## Problem
Using the material below, print the line that contains "An ultra-high-speed train", the line that contains "buyt new Women's", and every line in between, exactly and nothing else.
==================================================
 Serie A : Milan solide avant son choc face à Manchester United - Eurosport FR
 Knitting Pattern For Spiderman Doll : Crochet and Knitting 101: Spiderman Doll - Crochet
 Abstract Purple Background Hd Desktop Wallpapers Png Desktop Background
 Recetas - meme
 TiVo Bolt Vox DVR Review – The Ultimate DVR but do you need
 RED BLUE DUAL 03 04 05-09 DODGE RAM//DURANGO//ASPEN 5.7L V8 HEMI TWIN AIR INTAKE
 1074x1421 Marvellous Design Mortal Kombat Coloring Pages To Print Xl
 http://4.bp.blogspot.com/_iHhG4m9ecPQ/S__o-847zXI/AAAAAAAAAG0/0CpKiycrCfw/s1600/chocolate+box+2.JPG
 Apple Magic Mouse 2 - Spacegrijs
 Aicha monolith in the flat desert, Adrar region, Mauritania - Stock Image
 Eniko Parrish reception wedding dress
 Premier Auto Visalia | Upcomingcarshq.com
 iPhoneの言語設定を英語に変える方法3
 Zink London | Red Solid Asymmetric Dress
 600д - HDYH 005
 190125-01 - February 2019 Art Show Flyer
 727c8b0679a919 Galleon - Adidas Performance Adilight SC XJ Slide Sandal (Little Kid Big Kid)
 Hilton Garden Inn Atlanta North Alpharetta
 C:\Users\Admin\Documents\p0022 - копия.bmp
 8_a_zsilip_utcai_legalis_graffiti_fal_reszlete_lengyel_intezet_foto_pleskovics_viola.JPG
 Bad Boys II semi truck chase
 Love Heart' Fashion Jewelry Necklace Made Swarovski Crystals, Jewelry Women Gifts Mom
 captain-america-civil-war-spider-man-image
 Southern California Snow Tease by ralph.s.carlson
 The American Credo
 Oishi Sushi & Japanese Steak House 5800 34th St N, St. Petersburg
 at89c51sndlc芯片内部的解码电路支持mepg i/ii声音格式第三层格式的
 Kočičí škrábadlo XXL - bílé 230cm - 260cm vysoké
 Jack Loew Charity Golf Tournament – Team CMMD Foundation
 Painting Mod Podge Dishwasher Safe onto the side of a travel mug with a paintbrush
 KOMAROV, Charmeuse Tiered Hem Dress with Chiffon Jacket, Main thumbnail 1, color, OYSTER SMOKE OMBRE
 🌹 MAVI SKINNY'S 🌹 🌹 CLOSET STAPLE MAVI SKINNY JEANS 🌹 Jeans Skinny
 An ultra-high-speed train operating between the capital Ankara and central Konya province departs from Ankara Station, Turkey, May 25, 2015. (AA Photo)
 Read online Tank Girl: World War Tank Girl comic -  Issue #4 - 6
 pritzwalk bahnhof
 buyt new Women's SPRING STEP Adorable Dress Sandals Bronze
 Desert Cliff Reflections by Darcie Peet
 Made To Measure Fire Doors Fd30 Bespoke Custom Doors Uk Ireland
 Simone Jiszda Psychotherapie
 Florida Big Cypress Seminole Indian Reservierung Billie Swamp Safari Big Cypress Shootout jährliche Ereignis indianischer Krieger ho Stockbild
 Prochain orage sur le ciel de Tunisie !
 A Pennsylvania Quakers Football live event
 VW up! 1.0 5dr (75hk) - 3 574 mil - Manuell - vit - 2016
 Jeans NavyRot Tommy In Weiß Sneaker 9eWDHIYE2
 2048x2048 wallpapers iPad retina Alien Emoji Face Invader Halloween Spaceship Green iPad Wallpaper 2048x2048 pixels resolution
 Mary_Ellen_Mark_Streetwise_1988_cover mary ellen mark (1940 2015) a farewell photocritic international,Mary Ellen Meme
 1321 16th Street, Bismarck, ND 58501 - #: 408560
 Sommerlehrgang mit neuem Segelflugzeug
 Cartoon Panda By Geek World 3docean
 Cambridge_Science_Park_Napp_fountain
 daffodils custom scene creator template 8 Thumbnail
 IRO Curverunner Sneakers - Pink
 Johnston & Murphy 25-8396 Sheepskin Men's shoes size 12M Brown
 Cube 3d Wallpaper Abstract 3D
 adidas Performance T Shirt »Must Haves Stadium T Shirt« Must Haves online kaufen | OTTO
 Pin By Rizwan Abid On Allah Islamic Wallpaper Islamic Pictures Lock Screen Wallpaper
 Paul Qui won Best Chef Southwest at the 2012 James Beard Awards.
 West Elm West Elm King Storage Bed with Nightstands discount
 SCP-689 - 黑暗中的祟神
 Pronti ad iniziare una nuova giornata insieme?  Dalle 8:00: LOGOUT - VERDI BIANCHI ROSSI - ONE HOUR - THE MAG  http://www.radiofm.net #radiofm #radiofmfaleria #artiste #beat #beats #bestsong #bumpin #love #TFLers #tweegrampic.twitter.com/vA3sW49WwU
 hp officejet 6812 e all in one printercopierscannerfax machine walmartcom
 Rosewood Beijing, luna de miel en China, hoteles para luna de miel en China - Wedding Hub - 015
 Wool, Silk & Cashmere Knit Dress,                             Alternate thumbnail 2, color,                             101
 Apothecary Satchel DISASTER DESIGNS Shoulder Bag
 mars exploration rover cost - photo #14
==================================================
## Result below
 An ultra-high-speed train operating between the capital Ankara and central Konya province departs from Ankara Station, Turkey, May 25, 2015. (AA Photo)
 Read online Tank Girl: World War Tank Girl comic -  Issue #4 - 6
 pritzwalk bahnhof
 buyt new Women's SPRING STEP Adorable Dress Sandals Bronze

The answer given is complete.